Escape Rating A-: One of the things I found fascinating about this story is that is bookends the story of Lucie Wilton in Candace Robb’s Owen Archer series. Lucie is a master apothecary in York in the late 1300’s, and is also accused of murder. But so many things about the two women in these stories is a kind of mirror image. Lucie’s story takes place in the years before the Wars of the Roses, and Bianca’s take place in the aftermath two centuries later. Lucie is an acknowledged master of her craft, she owns her own shop and takes her own apprentices. Bianca is barely surviving, and is just as often called “witch” as “healer”. Also, Lucie marries Owen, where in Bianca’s first story, she steadfastly refuses to marry her long-time suitor, John. And Bianca’s reasons are lived out in Lucie. Bianca needs the freedom to devote herself to her obsession with her craft, where Lucie, who gets pregnant and has children and devastating miscarriages, is forced to divide her time between her life as a married woman running a household and her livelihood. Lucie never has the time, or frankly the inclination, for the kind of death-defying experiments that Bianca loses herself in on a regular basis.
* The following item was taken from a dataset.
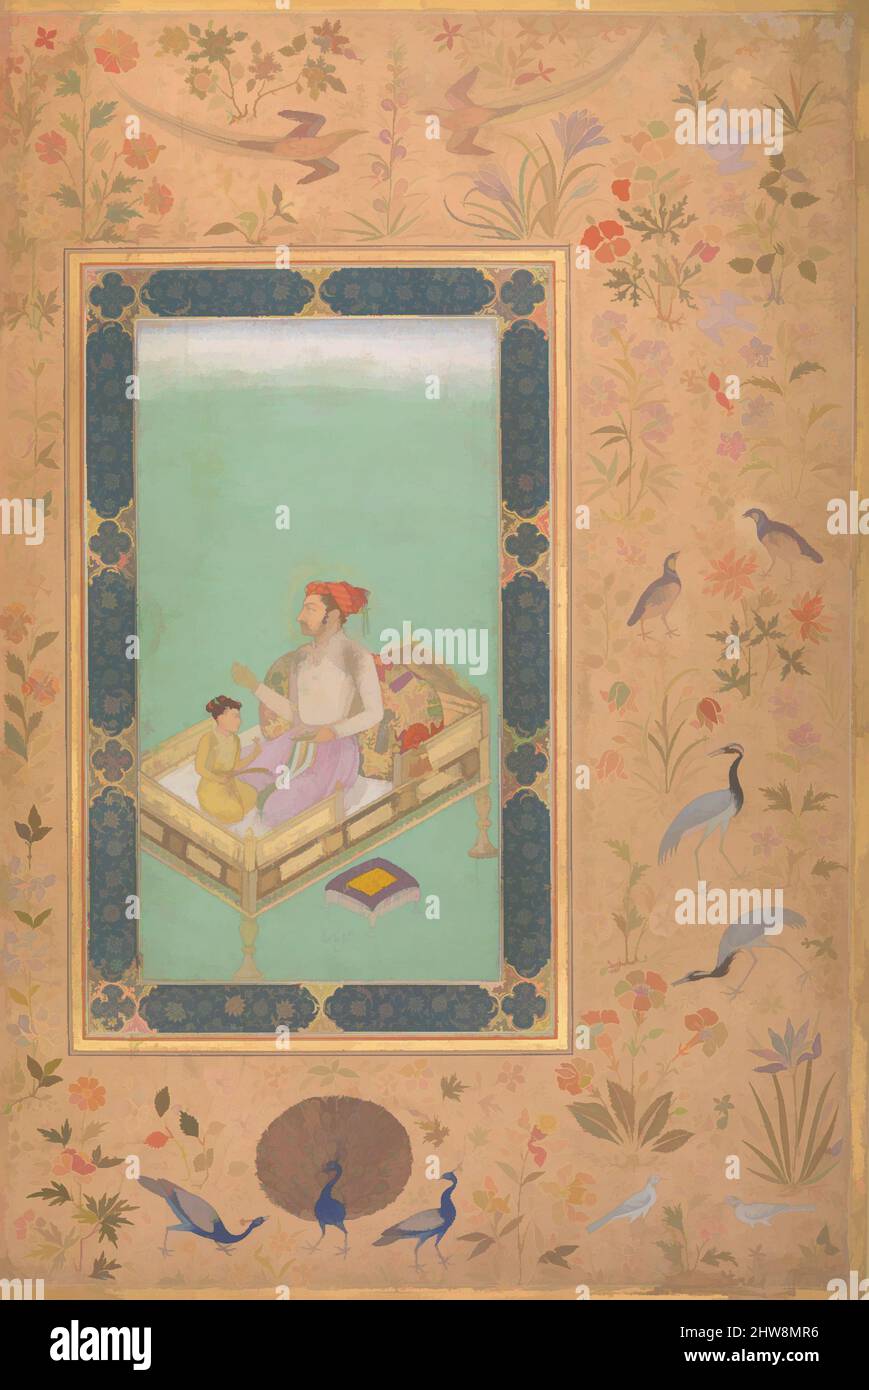 Arte ispirata dall'imperatore Shah Jahan con suo Figlio Dara Shikoh', Folio dell'album Shah Jahan, verso: CA. 1620; recto: ca. 1530–50, attribuito all'India, inchiostro, acquerello opaco e oro su carta, H. 15 5/16 poll. (38,9 cm), Codices, Pittura di Nanha, questa immagine superbamente dipinta, opere classiche modernizzate da Artotop con un tuffo di modernità. Forme, colore e valore, impatto visivo accattivante sulle emozioni artistiche attraverso la libertà delle opere d'arte in modo contemporaneo. Un messaggio senza tempo che persegue una nuova direzione selvaggiamente creativa. Artisti che si rivolgono al supporto digitale e creano l'NFT Artotop Foto Stock

In other words, if you find The Alchemist’s Daughter right up your rank and smelly alley, give The Apothecary Rose a try. Also Jeri Westerson’s Crispin Guest series, starting with Veil of Lies. It has the same gritty feel, and is set not long before the Archer series.

But back to Bianca’s life. We see the law that is after her as venal, incompetent and much more interested in finding a quick and easy solution than in actually finding the true criminal. And as the lawman Patch observes, while there is plenty of crime in the wealthy districts, the residents there have enough money to make sure that their crimes go unreported, if not absolutely unmarked or blamed on some poor sod in the poorer quarters.

Bianca has very little in the way of forensic evidence, no official assistance, and very little time to find the guilty party. She also has an entire barrel of red herrings to sort through in order to get close to the real killer and the real motive. All she knows at the very beginning is the very little that her friend Jolyn told her, and it isn’t much. Jolyn found a ring while muckracking – literally combing through garbage and debris on the Thames riverbank in the hope of finding something worth selling for enough money to keep body and soul together another day.

Jolyn believed that the ring she found brought her luck. An older woman offers her a room in her boarding house and a job after seeing Jolyn with the ring. Once there, Jolyn attracts a rich suitor. The ring is clearly a catalyst for something. Jolyn thought it was good luck, but the more that Bianca desperately digs into the history of the ring, the more she believes it was the catalyst for her murder.

We follow Bianca’s desperate quest as it goes at breakneck speed. It’s impossible not to shiver at the dangers she faces. And the legions of rats, not all of them on four legs.